### [DESCRIPTION OF THE TASK]
Give an unaltered copy of the listing below, minus its pictures.

### [RECORDS FOR THE TASK]
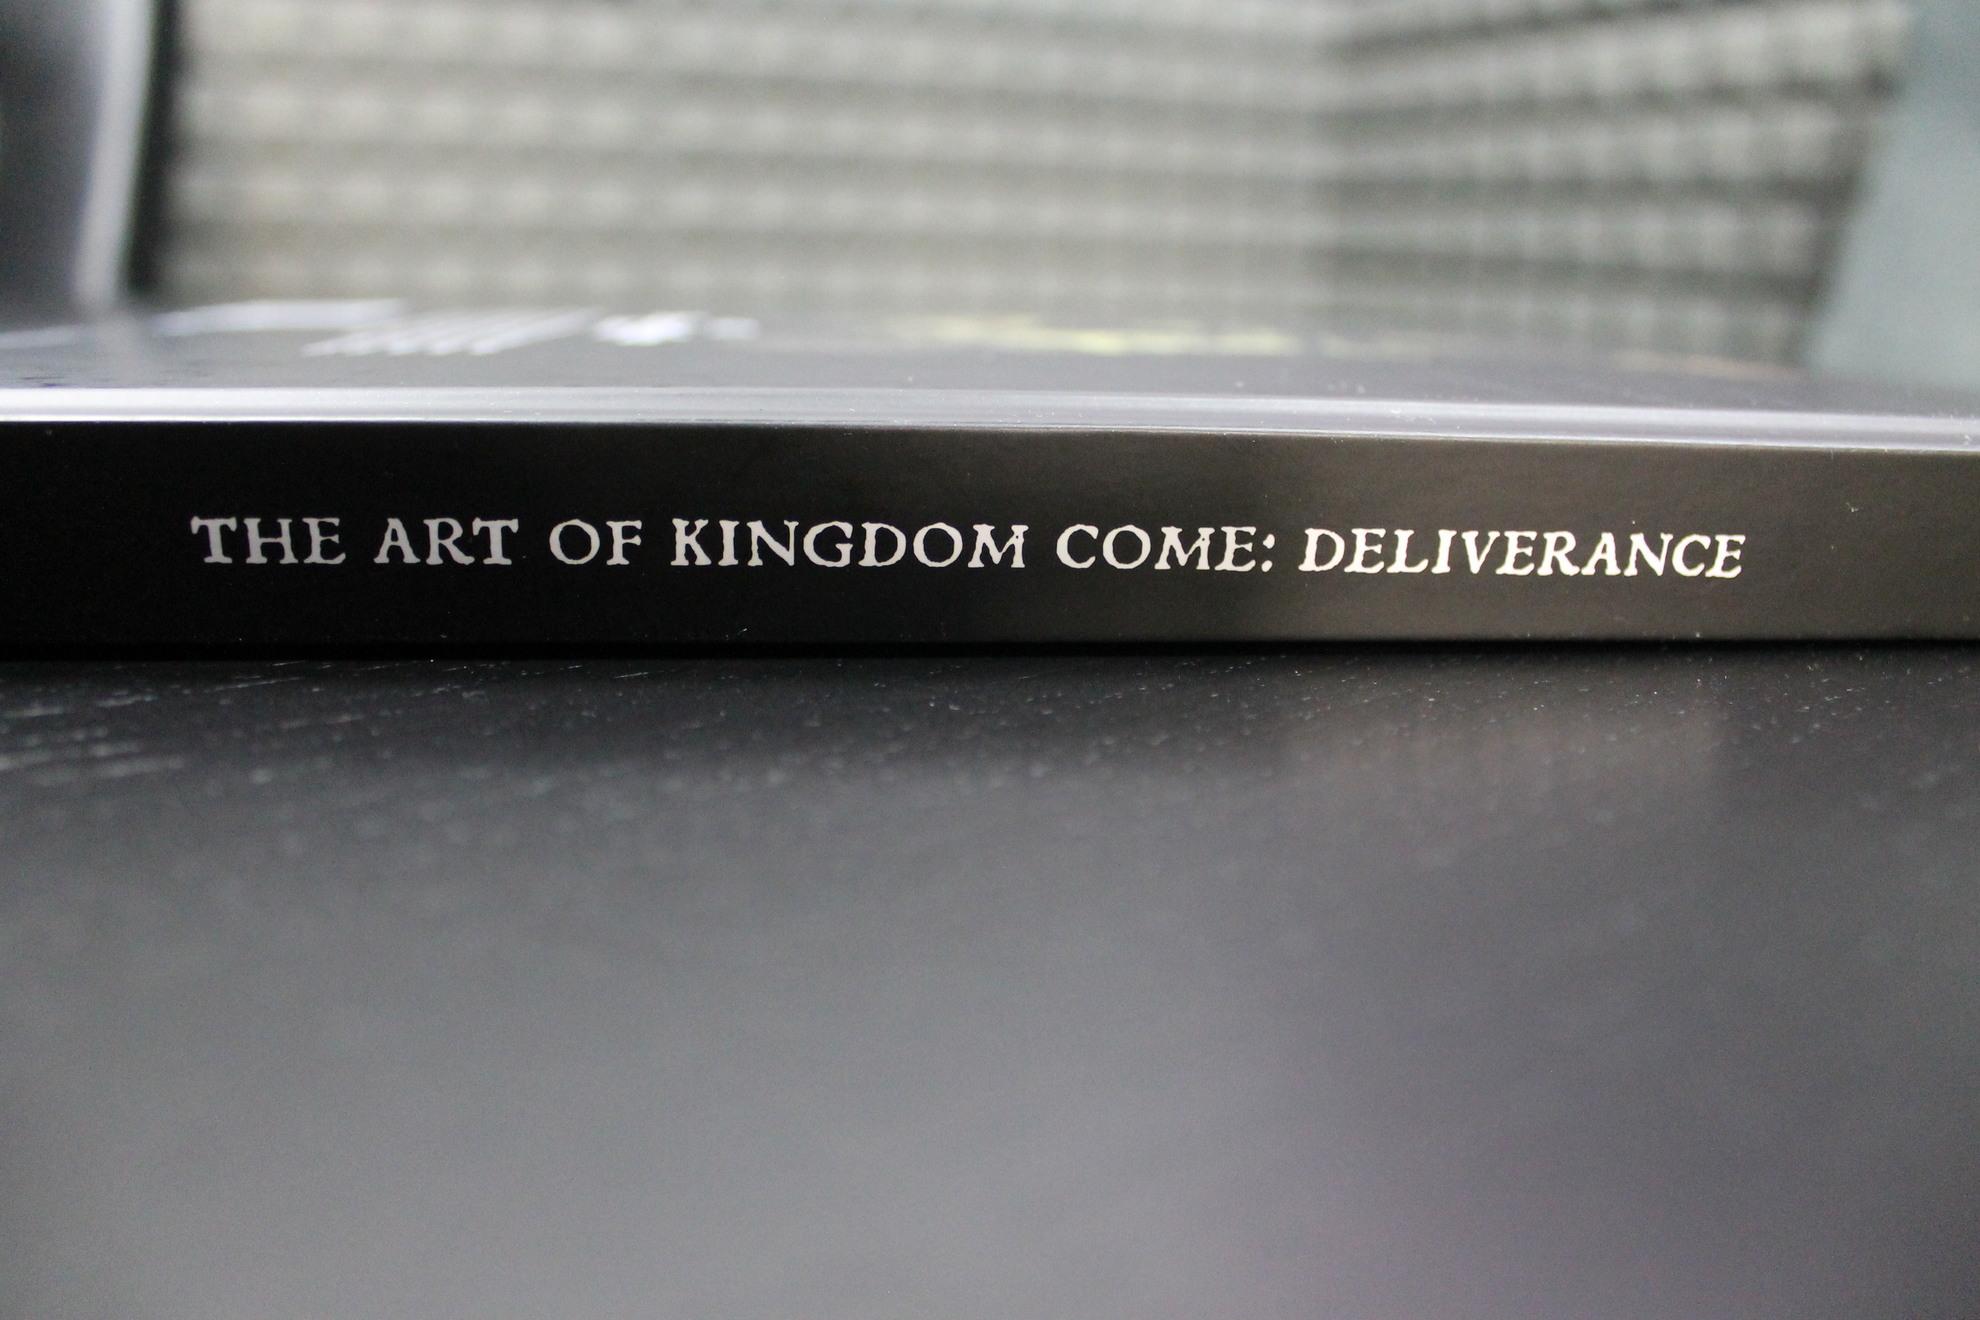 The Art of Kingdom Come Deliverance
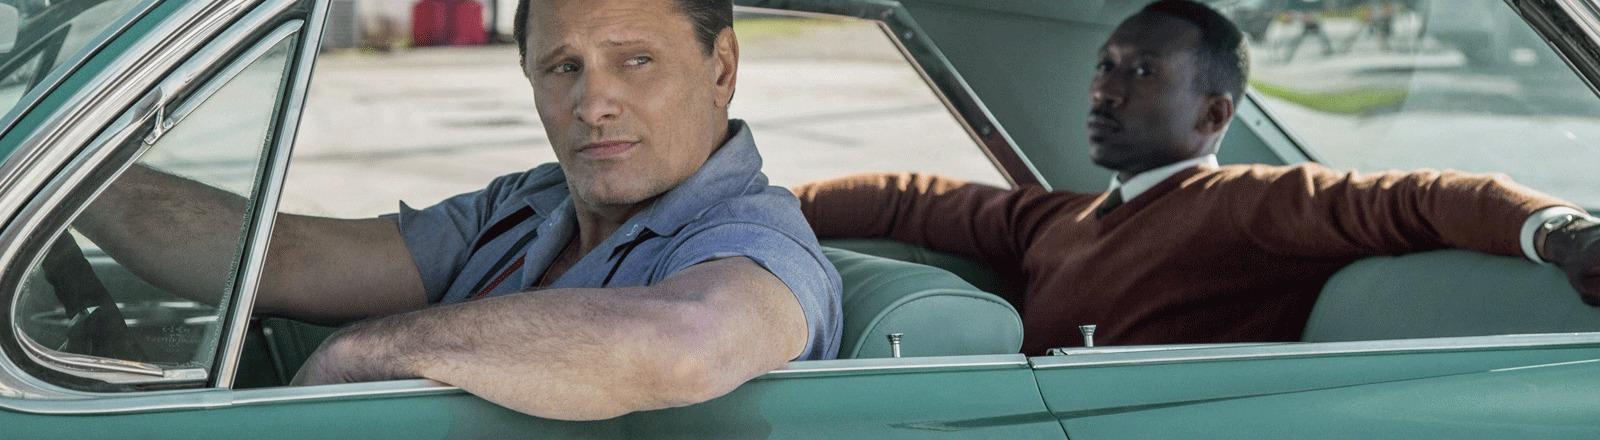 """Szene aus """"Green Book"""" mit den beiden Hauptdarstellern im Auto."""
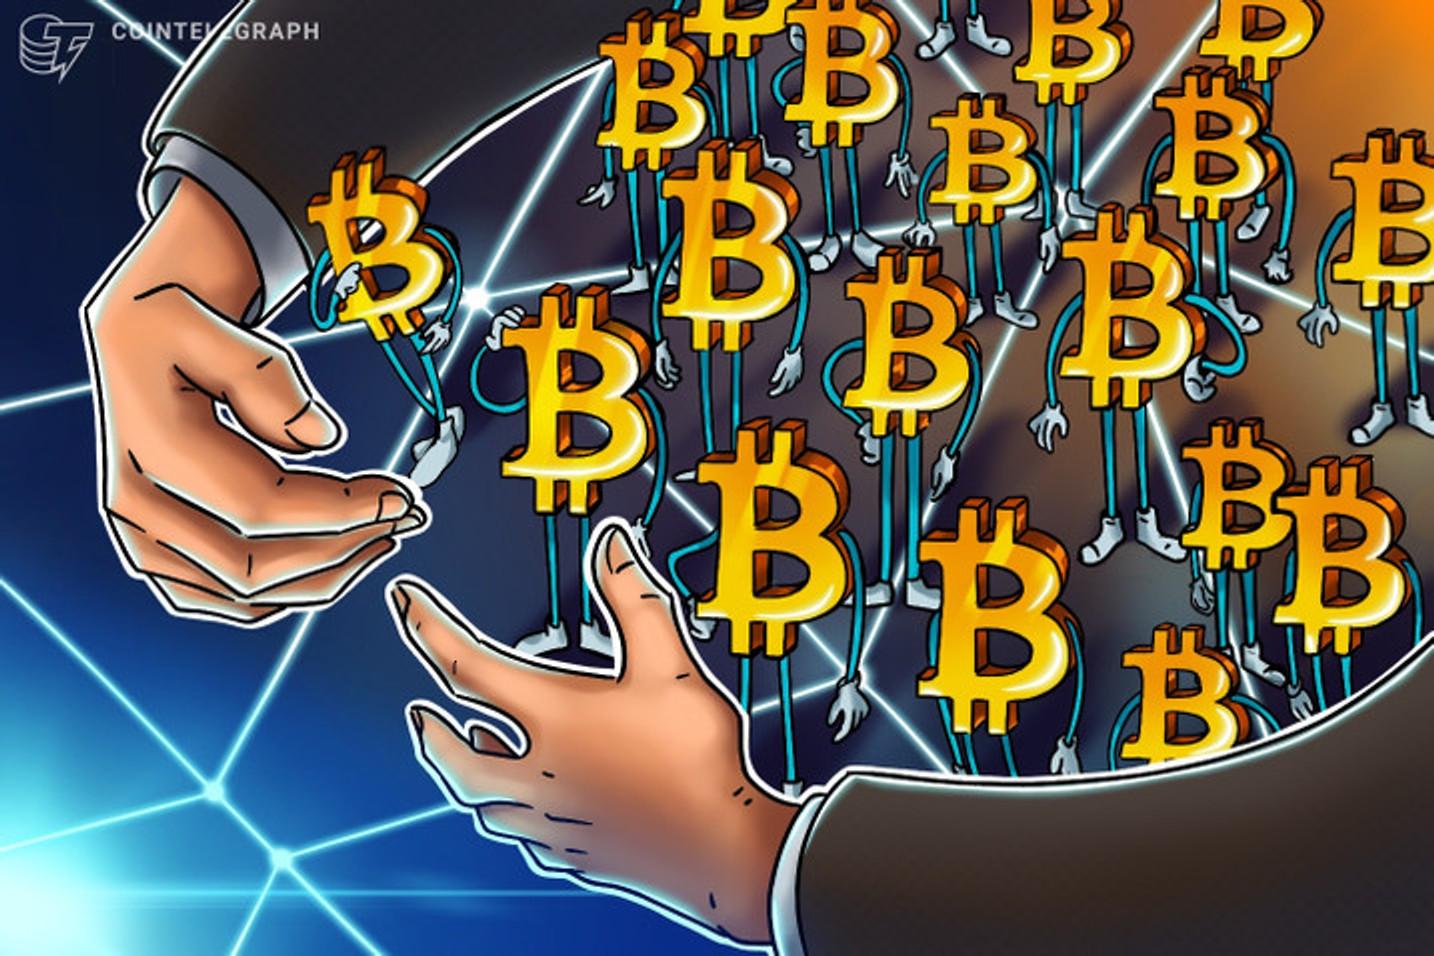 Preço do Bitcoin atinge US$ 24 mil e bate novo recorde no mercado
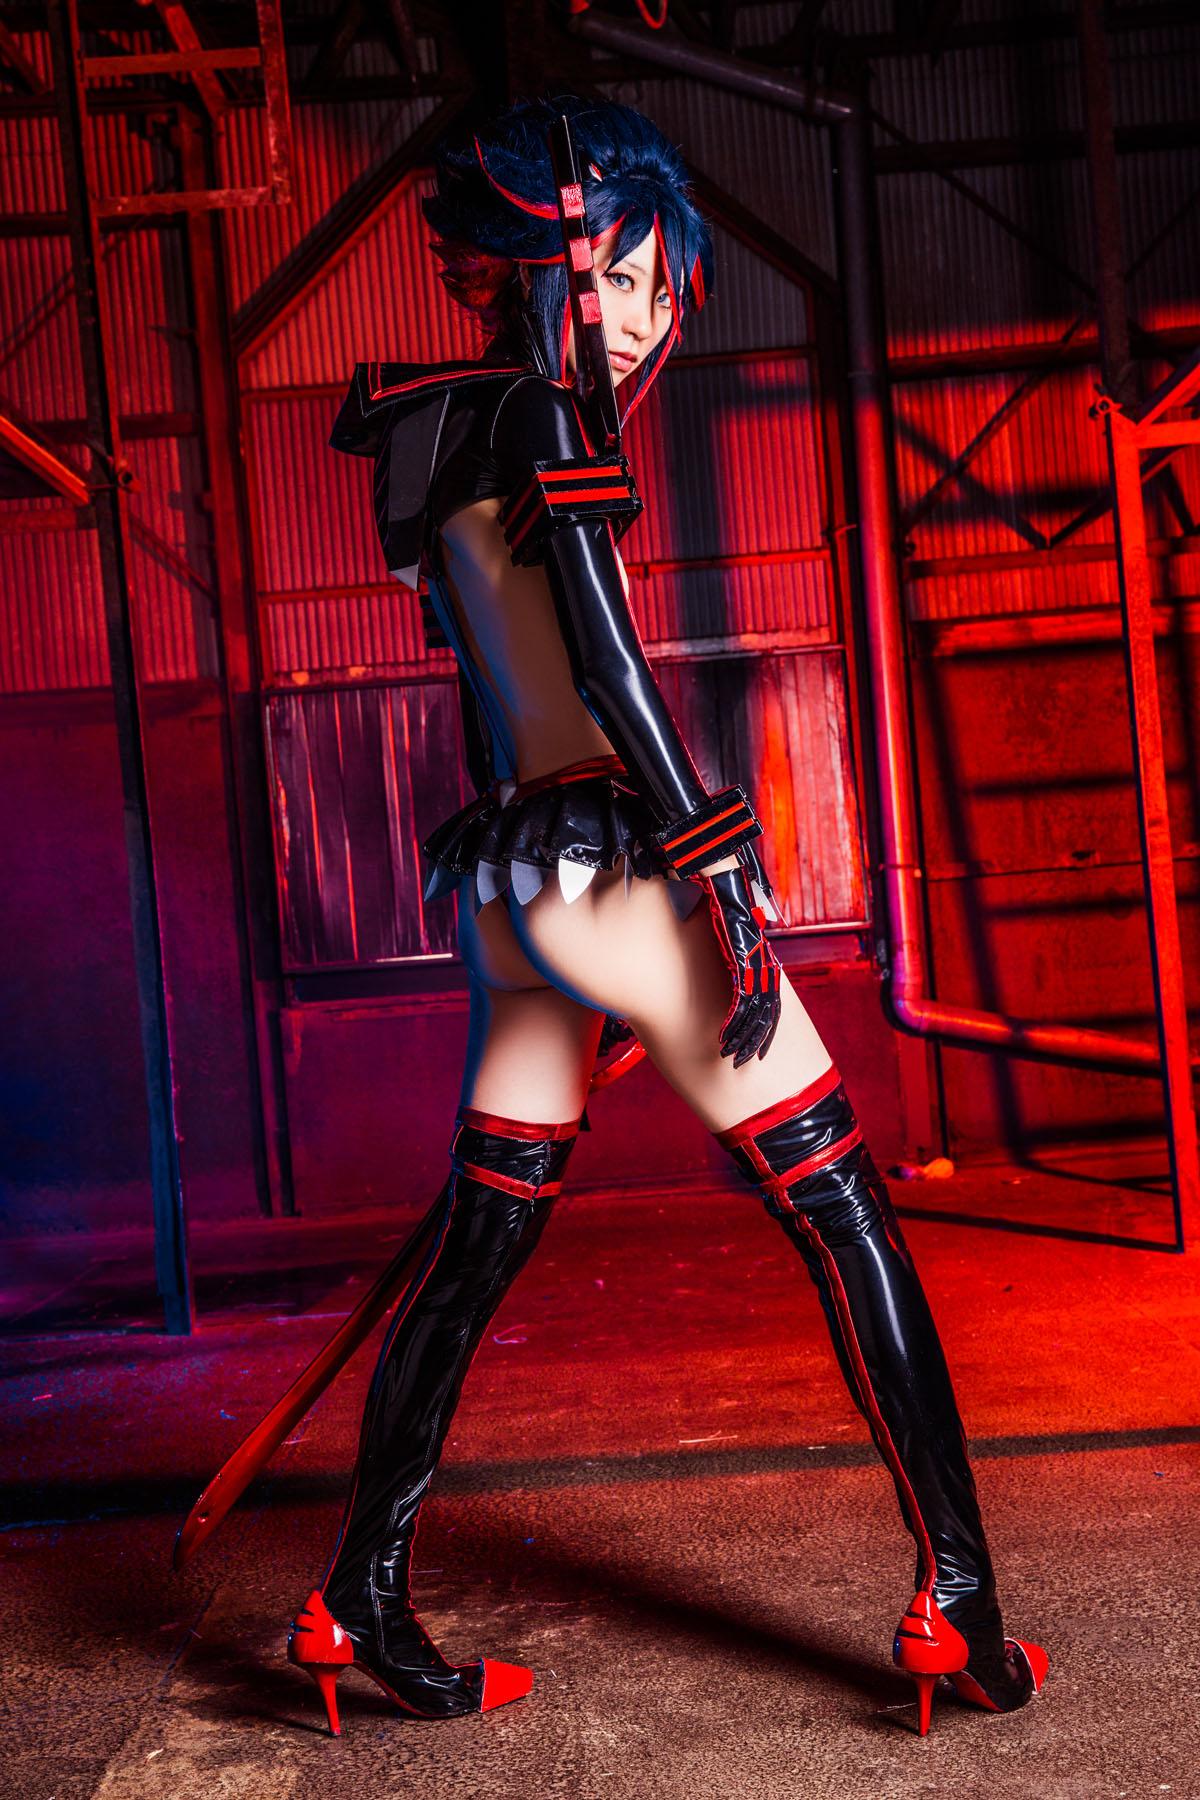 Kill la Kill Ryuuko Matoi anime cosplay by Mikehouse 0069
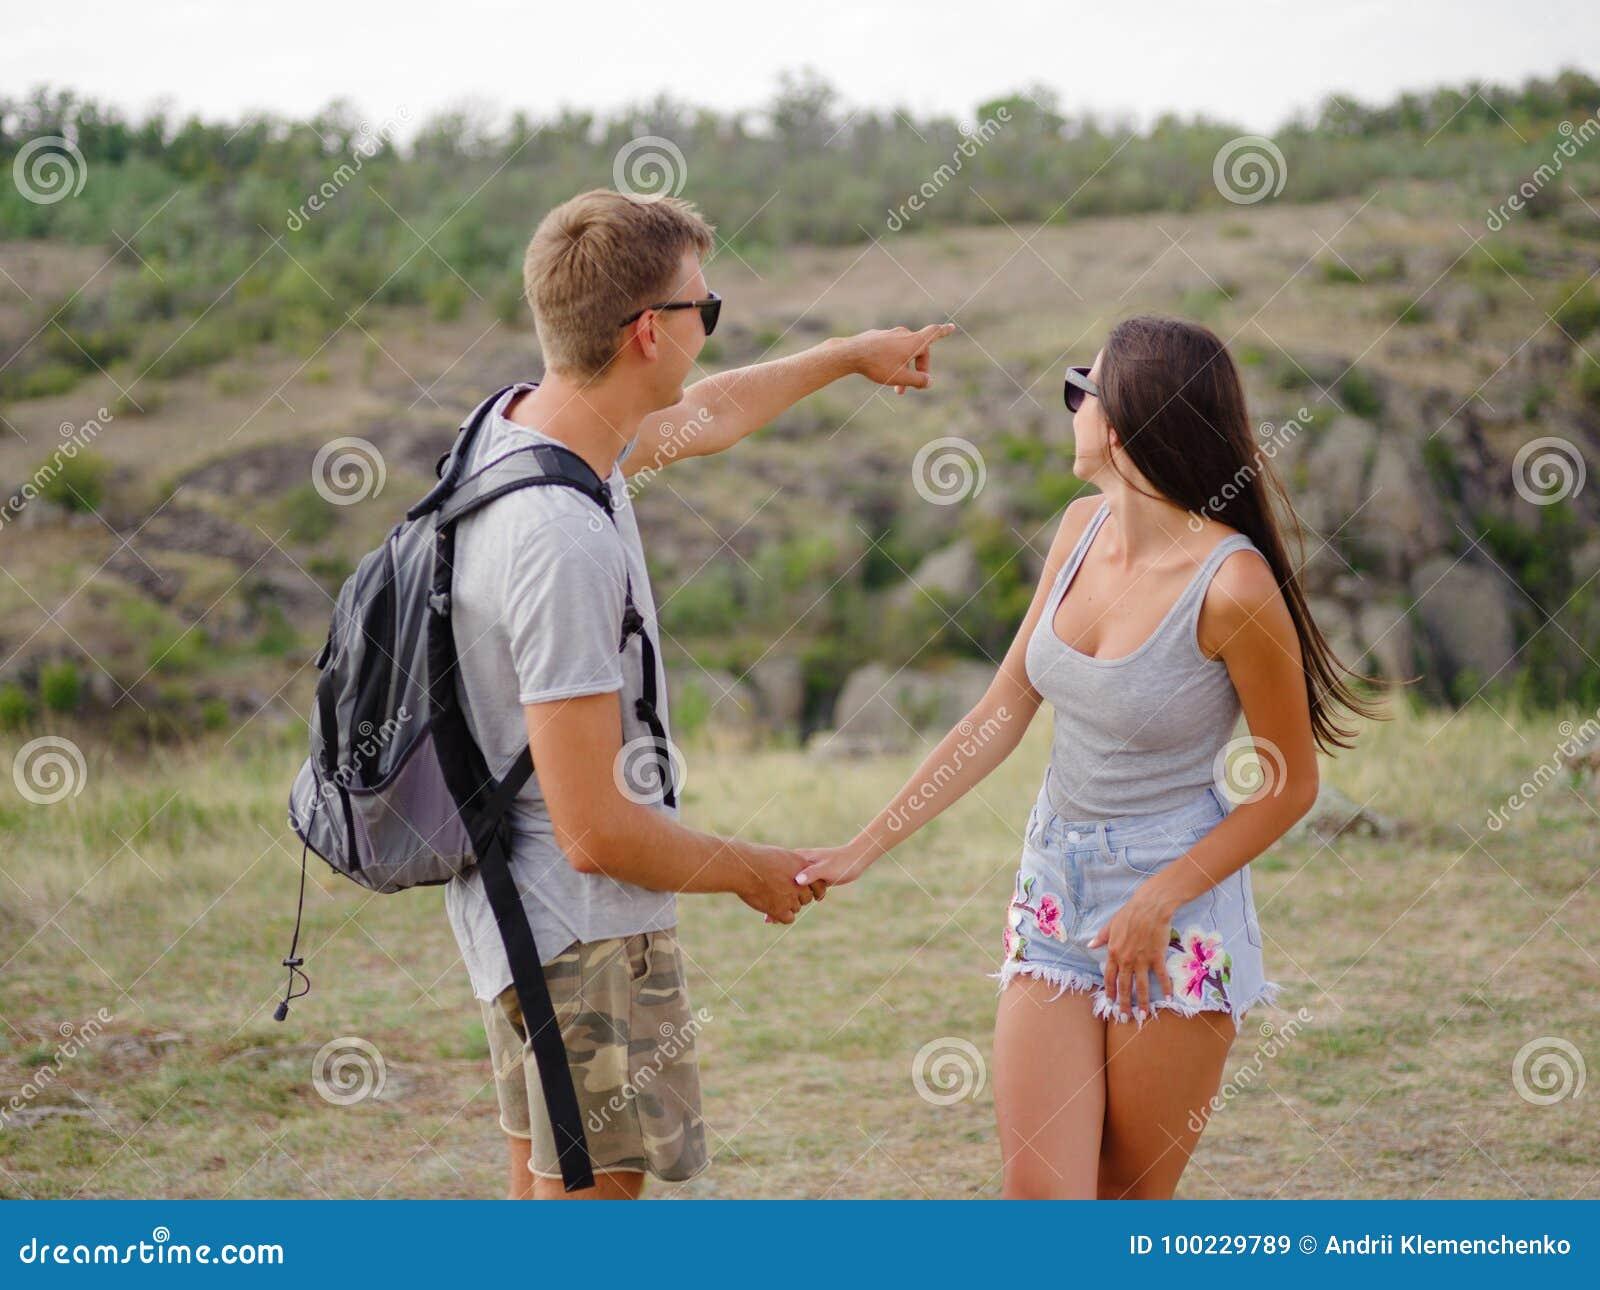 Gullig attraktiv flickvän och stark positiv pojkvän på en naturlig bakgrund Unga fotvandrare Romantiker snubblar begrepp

### [ANSWER BOX]
 The Art of Kingdom Come Deliverance
 """Szene aus """"Green Book"""" mit den beiden Hauptdarstellern im Auto."""
 Preço do Bitcoin atinge US$ 24 mil e bate novo recorde no mercado
 Kill la Kill Ryuuko Matoi anime cosplay by Mikehouse 0069
 Gullig attraktiv flickvän och stark positiv pojkvän på en naturlig bakgrund Unga fotvandrare Romantiker snubblar begrepp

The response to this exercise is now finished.